Don't Scare the Hare is a 2011 British television game show produced by Initial (a subsidiary of Endemol UK) for the BBC, hosted by Jason Bradbury and narrated by Sue Perkins. The programme was aired on BBC One on Saturday evenings and was first transmitted on 23 April 2011. This series had been planned to run for nine episodes but it was taken off air after six episodes because of poor ratings. The remaining three episodes were rescheduled for broadcast in October 2011.

In the show, contestants must compete in a series of challenges to win £15,000 of prize money; failure to complete questions and physical challenges risks "scaring" a giant robotic hare. The programme has been described by its host as "fantasy based toddler telly with an adult twist". It was the first show to be made at Dock10, MediaCityUK.

==Background==
The show was piloted at BBC Television Centre in September 2009, with Jason Bradbury as host and Barry Davies providing a live voiceover.

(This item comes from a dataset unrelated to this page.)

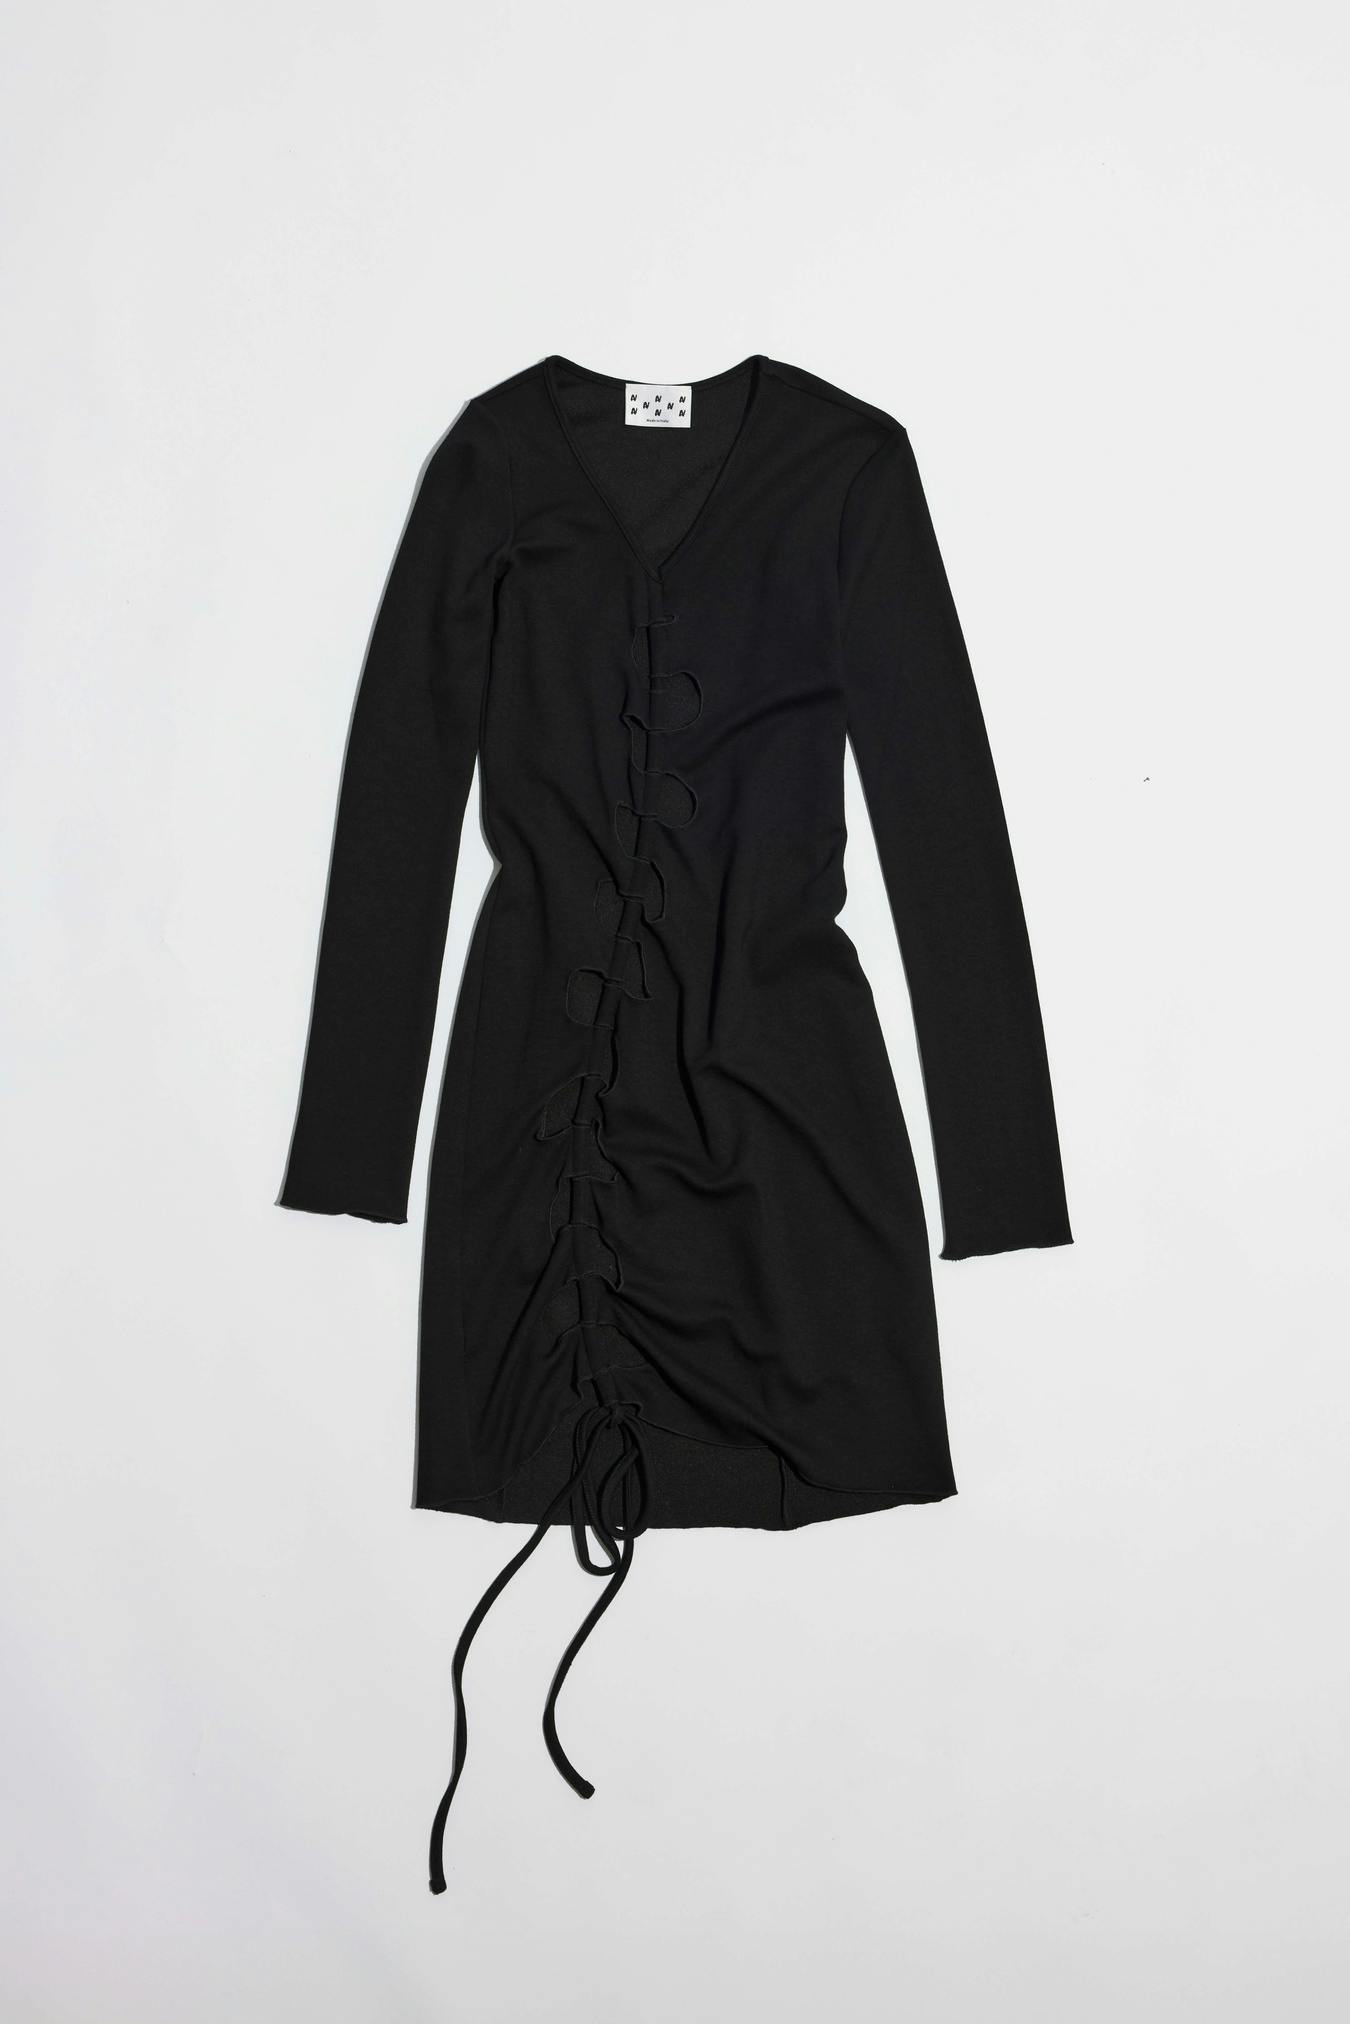 Mini cutout dress long sleeve black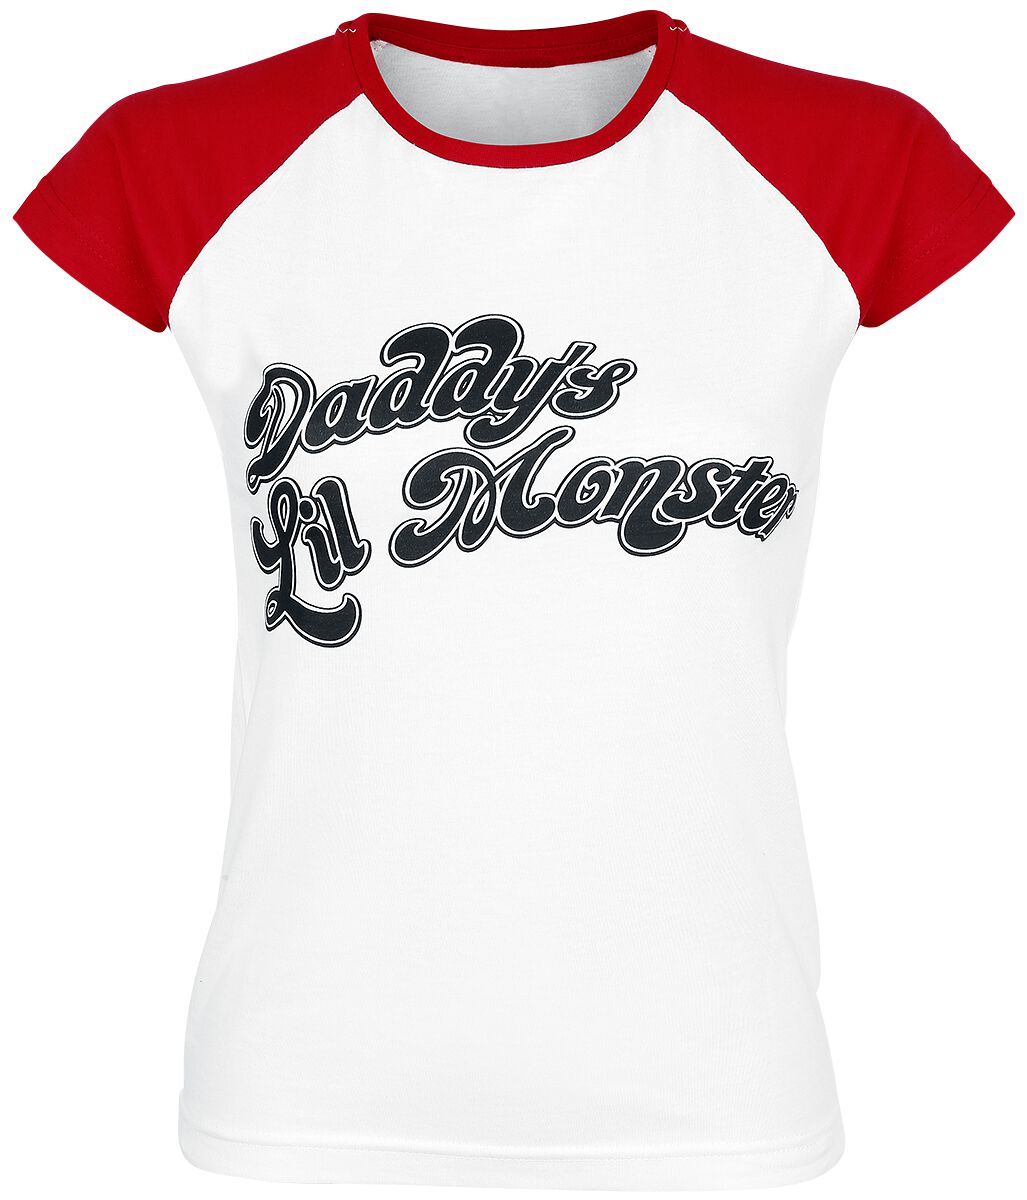 Suicide Squad - DC Comics T-Shirt - Daddy`s Lil` Monster - S bis XXL - für Damen - Größe XXL - weiß/rot  - EMP exklusives Merchandise!

The format underwent further development. In November 2010, the Manchester Evening News reported that television production company Endemol was producing a new game show for Saturday evenings at the area's new dock10 studios. In December, The Guardian reported that a giant robotic hare had been seen at the complex in Salford. Jason Bradbury was named as host in January 2011, while some newspapers identified comedian Miranda Hart as the show's narrator. However, the role went to Sue Perkins.

Announcing Don't Scare the Hare, BBC Entertainment's executive editor Alan Tyler said the show "cleverly captures the spirit and fun of interactive family video games that has been sweeping the nation. [...] We're excited about bringing this experimental new format to early Saturday evenings on BBC One", while Nick Mather, head of entertainment at Endemol called the show "an innovative new format" and said he was "highly excited to be making this large scale studio show for BBC One."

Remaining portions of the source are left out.